Francis “Frank” Topp was born in Toowoomba, Queensland on 26 January 1947, to Norman and Bridget Topp, the second of 11 children.
He grew up on the family’s dairy farm at Flagstone Creek near the town of Helidon. He attended Flagstone Creek State School and Downlands College in Toowoomba, where he joined the school’s cadet unit.
On 6 July 1964, aged 17, Frank joined the Australian Regular Army for a six-year period. He was posted to the 1st Recruit Training Battalion at Kapooka for training.
On 15 July, Topp embarked from Sydney for the 1st Australian Reinforcement Unit at Nui Dat outside Saigon in South Vietnam. On 17 August, he joined 5 Section, 11 Platoon, D Company.
Earlier that morning, Nui Dat had been bombarded by the Viet Cong, with over 100 rounds fired from mortars, recoilless rifles and a Japanese field gun landing inside the base’s perimeter. 24 Australians were wounded.
It was Topp’s first experience of enemy fire.
B Company 6RAR left Nui Dat to find the Viet Cong mortar baseplate positions. They spent the night outside the wire, then patrolled to the edge of the Long Tan rubber plantation.
D Company, led by Major Harry Smith, left Nui Dat at 11am that morning to relieve B Company.
Lance Corporal John Robbins, 5 Section’s commander, checked with Topp that he was alright during his first time outside the wire. Topp also met a mate from Kapooka, Private David Thomas, now in B Company, 6RAR.
Shortly after 3pm, 11 Platoon encountered Vietnamese troops in the Long Tan rubber plantation. After a brief firefight, the enemy withdrew and the Australians followed. At 4pm, 11 Platoon met heavy opposition with immediate casualties.
After the initial burst of fire, Topp’s 5 Section was ordered to form an L-shaped defensive position. As they moved to comply, the men came under fire. Several were hit, including Topp, who was shot and killed instantly.
He was 19 years old. Topp had been in Vietnam for a month and with his battalion for just 24 hours.
In this, the battle of Long Tan, 108 soldiers of D Company, 6RAR, fought an intense and dramatic battle against Viet Cong and North Vietnamese Army forces. 11 Platoon was engaged on three sides, in danger of being cut off and wiped out entirely. Monsoonal rain deluged the area, reducing visibility to 50 metres and turned the ground into slick, red mud.

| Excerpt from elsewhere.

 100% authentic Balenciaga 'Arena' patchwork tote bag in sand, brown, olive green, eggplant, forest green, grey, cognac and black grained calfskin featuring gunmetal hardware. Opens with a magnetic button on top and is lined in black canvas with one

In the hours that followed, a numerically-superior Vietnamese force attempted to overrun D Company. D company hung on tenaciously.

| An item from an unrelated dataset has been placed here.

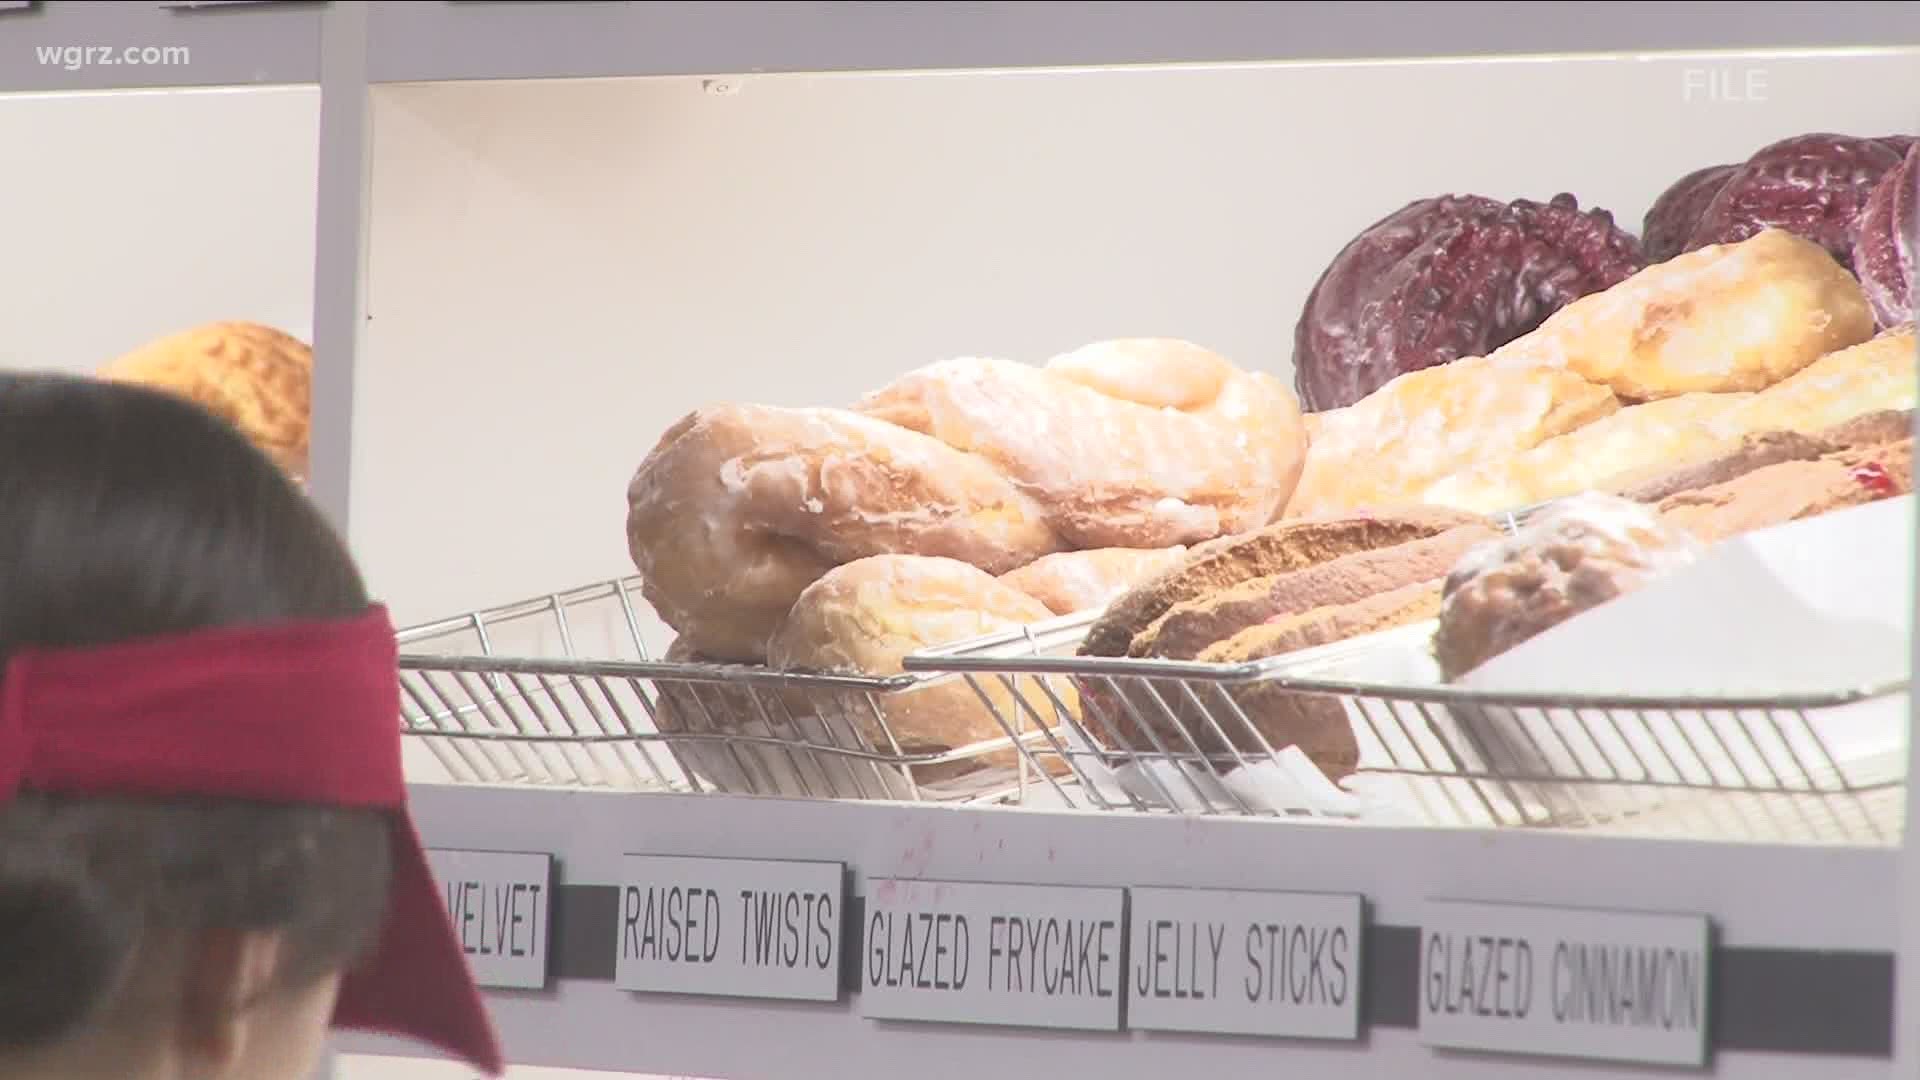 An employee at the Paula's donuts in Clarence has been fired after an incident with a customer earlier this week.

At 7pm, 3 Troop, 1 Armoured Personnel Carrier Squadron arrived with A Company, 6RAR on board. They attacked quickly, stopping the enemy attack from going ahead. As night fell, the enemy withdrew.
D Company returned to the battle site the next morning, to recover their comrades and the dead. They also recovered three wounded Vietnamese soldiers and buried over 245 enemy dead.
Topp’s remains were returned to Australia and he was laid to rest in Helidon Catholic Cemetery, Queensland.